The CE label certifies that designated products manufactured or imported into EU Member States are in compliance with an array of quality standards meant to protect consumer health, supply chain safety, and the environment.
Some industries requiring the CE marking include:
- Electrical Equipment and Electronics (EEE) -- (measured against) -- Low Voltage Directive (LVD); EMC Directive; R&TTE Directive; RoHS
- Children’s toys -- Toy Safety Directive
- Machinery -- Machinery Directive
There are also standards for vehicles, medical equipment, Personal Protection Equipment (PPE) -- overall around 23 different industries are targeted.
And therein lies the strength of the CE label: it is comprehensive in its overall product coverage, yet each industry’s particular rules are detailed and specific.

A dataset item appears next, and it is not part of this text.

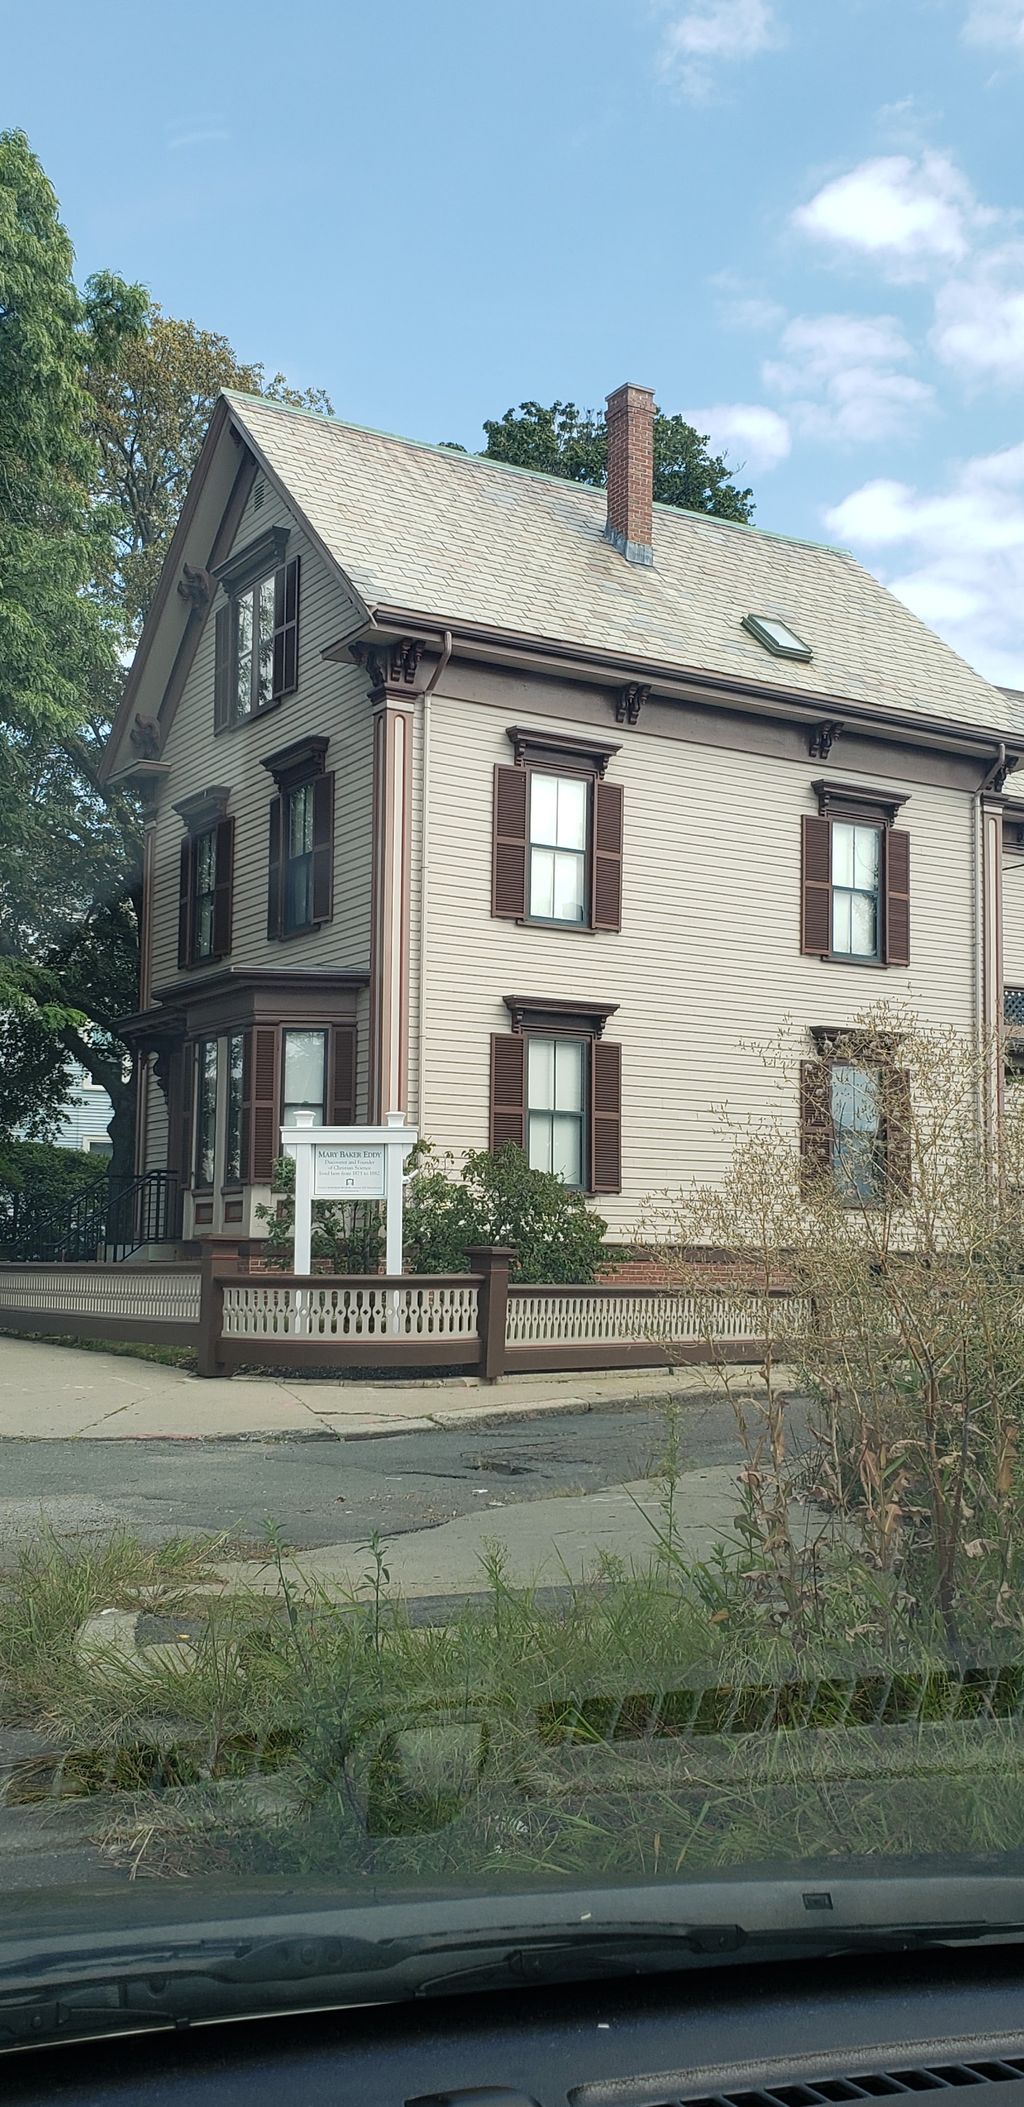 Mary Baker Eddy Historic House

Your technical file: What is required for CE compliance?
It is the responsibility of the EU manufacturer or importer to establish across-the-board compliance for all products entering the market. These companies are required to maintain what’s known as a technical file, subject to periodic authoritorial review. Individual directives specify exactly what is required in each technical file, but in general it should include:
- Declaration of Conformity – Technical description and specification
- All test reports
- Design drawings and diagrams of your product
- Material information of all substances used in your product
- A list of applied standards (RoHS, Toy Safety, etc.)
- Appropriate labeling
- Product instructions
- Risk assessment information
- Description of the conformity assessment procedure
- Addresses of manufacture and storage locations
- Copies of the documents that manufacturer submitted to a notified body, if involved
- A copy of the EC-type examination certificate, if involved
Technical documents can be made available in any format (i.e. paper or electronic) and must be held for a period of up to 10 years after the manufacture date of the last unit.
Importing Risks
Demand the Data Behind the Label
As an importer, you are responsible for making sure your factories are manufacturing your product to EU standards. It is not wise to assume your overseas factory in, say, China, is aware of all EU-required directives, and a CE label is not difficult to forge.

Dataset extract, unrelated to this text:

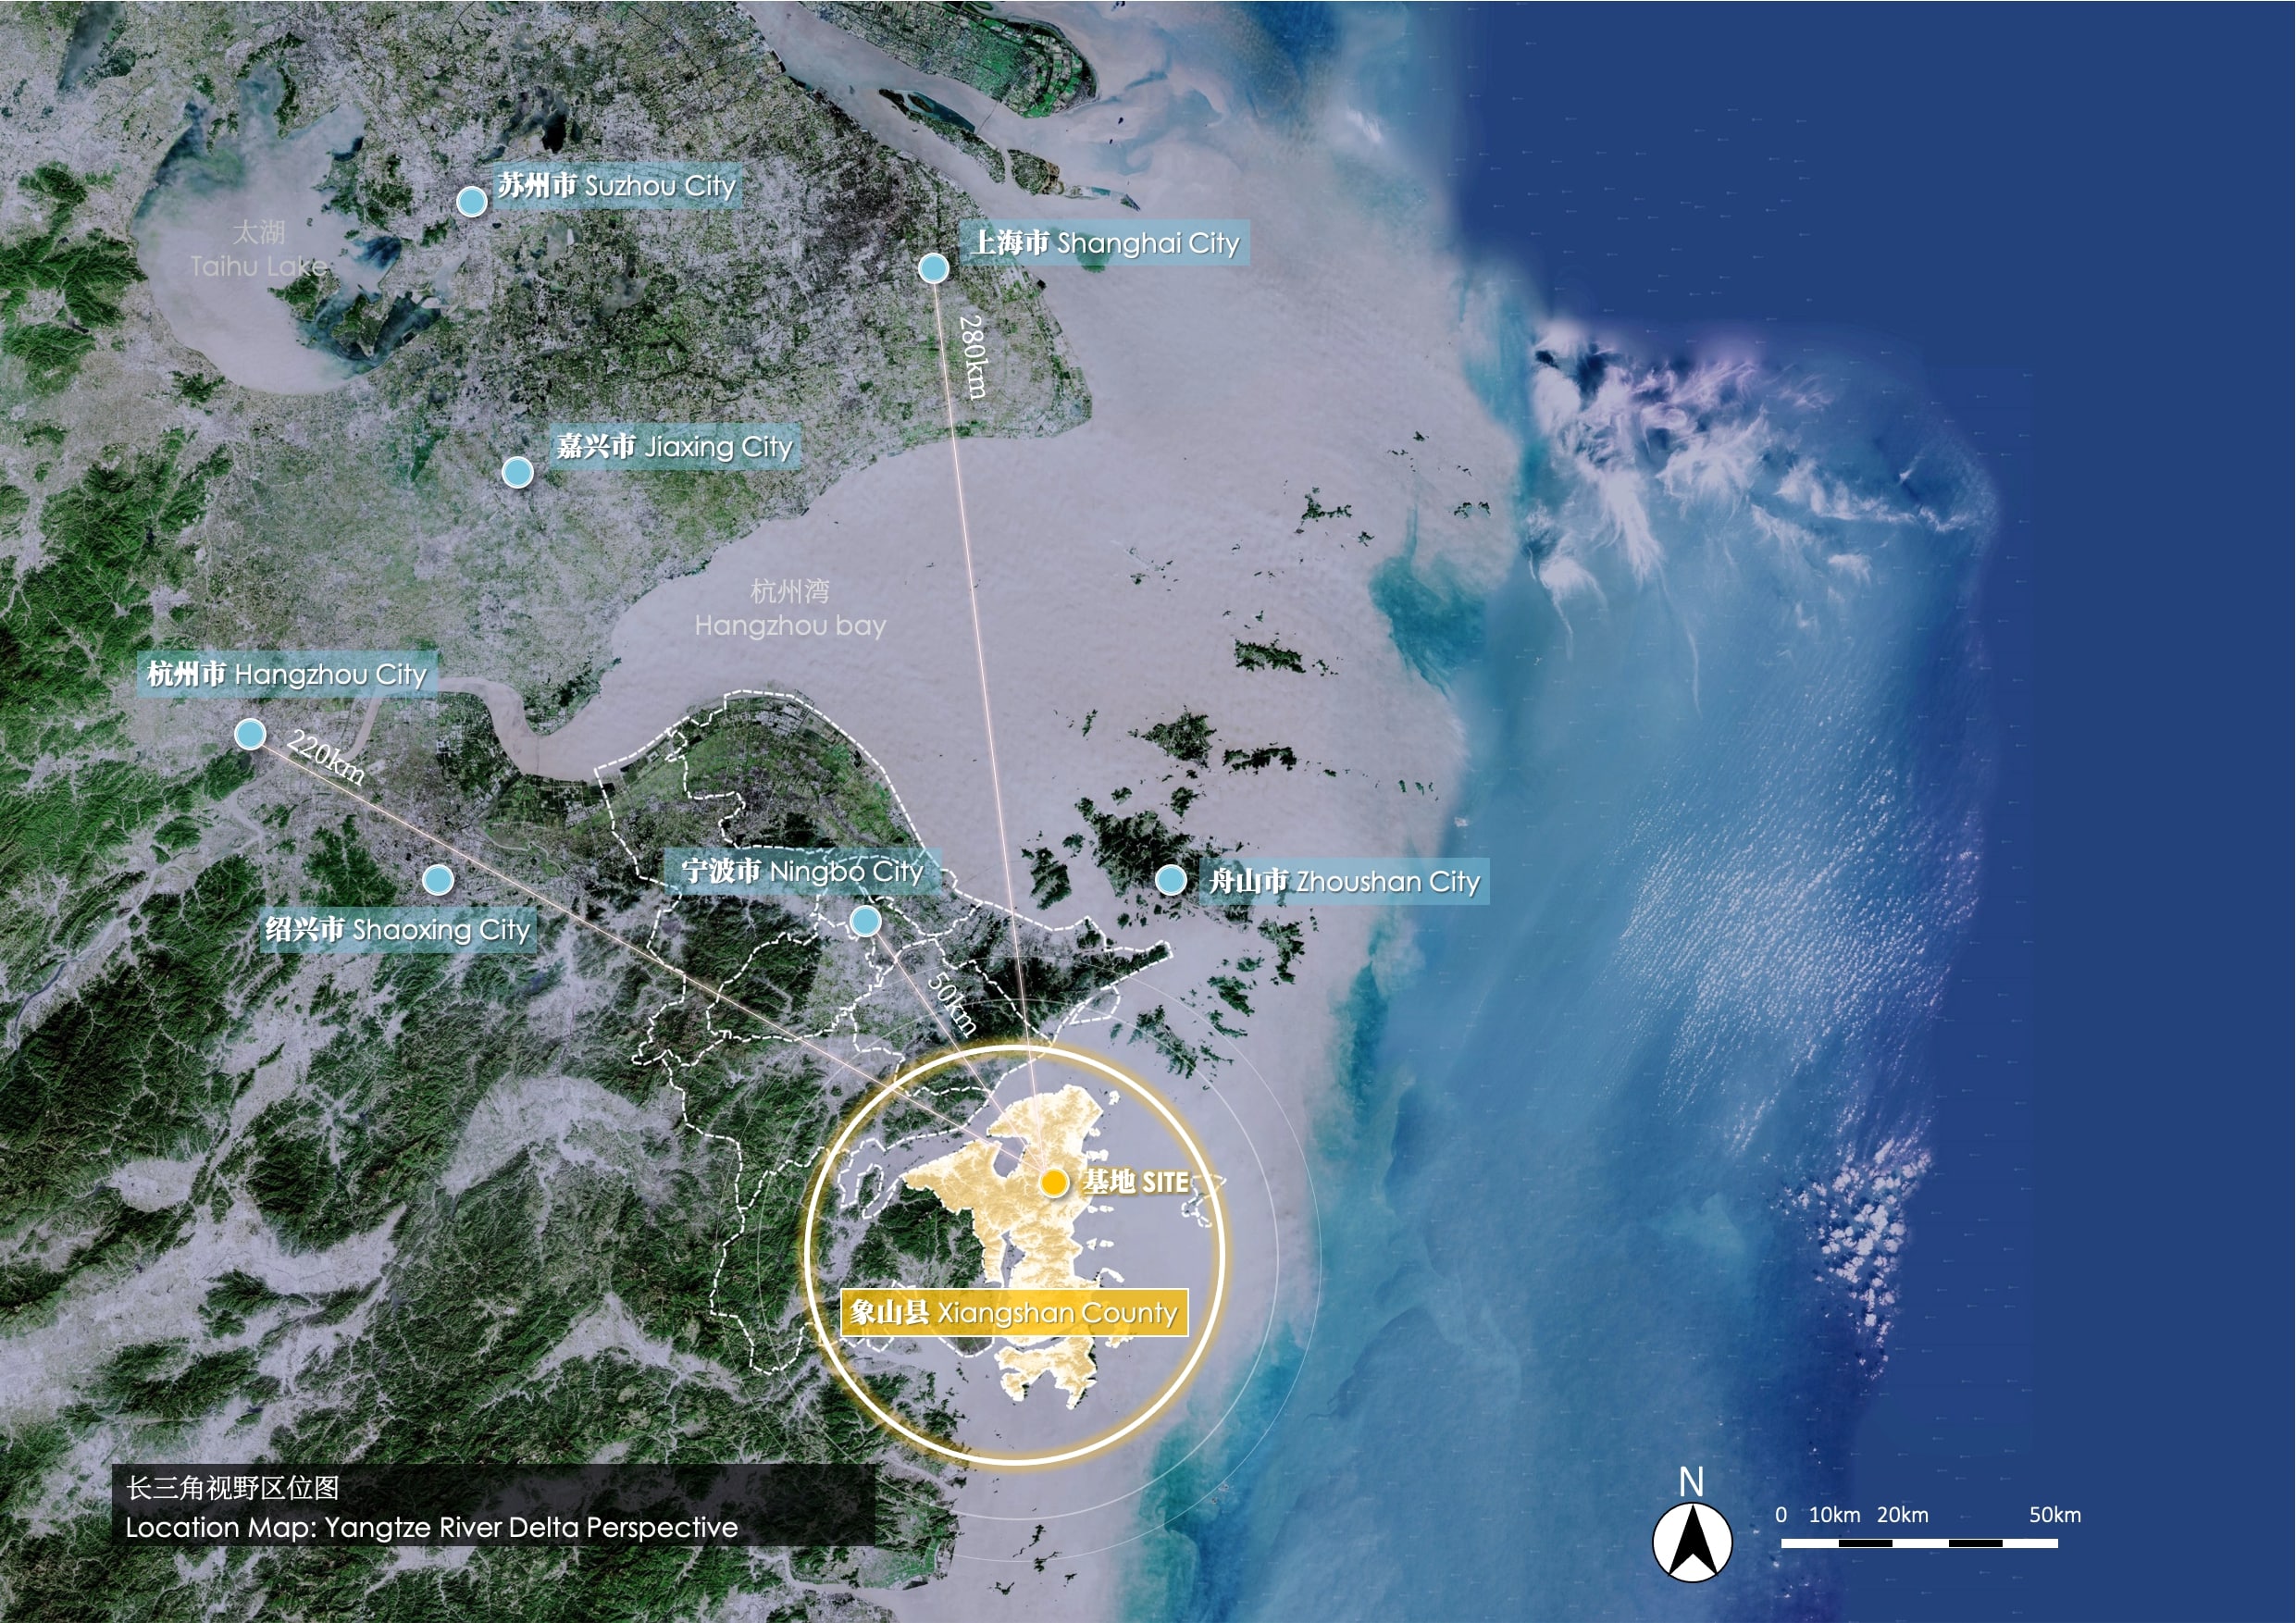 05 长三角视野区位图 Location Map-Yangtze River Delta Perspective.jpeg

The best practice is to look for factories with a solid history of compliance. A way to do that is to do as an authoritorial body would and ask to see documents resembling a technical file. The results of this request should quickly make clear whether or not the factory in question is serious about quality standards.
QIMA's Initial Production CheckOnce your factory has been chosen, an Initial Production Check (IPC) is the first step in ensuring the quality of your product will be consistent throughout production. An IPC is an early-warning system that safeguards your product against costly import risks.
Once Compliant, Maintain Your Production Quality
Back on the subject of risk assessment: suppose that your imported product does achieve initial compliance certification and is CE-marked for market. Your product is successful and has spread across the continent; however, after a few years you are subjected to a follow up review. This is not uncommon for EEE products and children’s toys, as they face a high level of scrutiny.
What you, based on your initial certification, thought was a compliant product fell out of spec without your realization, and you are exposed. Not only are you responsible for an expensive buyback of your product, but the cost to your brand reputation might be too high to recover from.
QIMA's Production Monitoring ServiceWith a dedicated production monitoring inspector, you can keep eyes on the factory floor from the start to finish of your product, and receive daily reports so that any deviation from your requirements can be targeted and corrected early in the process, and well before it leaves the factory.
Full compliance with complex EU standards is a complete investment in high-quality manufacturing. No half-hearted measures will sustain themselves. Factories must be “all in” with their commitment; otherwise, as these EU directives continue to change the course of global manufacturing, they will be uprooted from service quicker than ever.
A note concerning the UK: UKCA (UK Conformity Assessed) marking is a new UK product marking that is used for goods being placed on the market in Great Britain (England, Wales and Scotland). It covers most goods which requied the CE marking in EU. The UKCA marking came into effect on 1 January 2021. However, to allow businesses time to adjust to the new requiremetns, you will still be able to use the CE marking until 1 January 2022 in most cases. From 1 January 2023, the UKCA marking must, in most cases, be affixed directly to the product.
QIMA will help you stay connected with this new market with top-tier Product inspections.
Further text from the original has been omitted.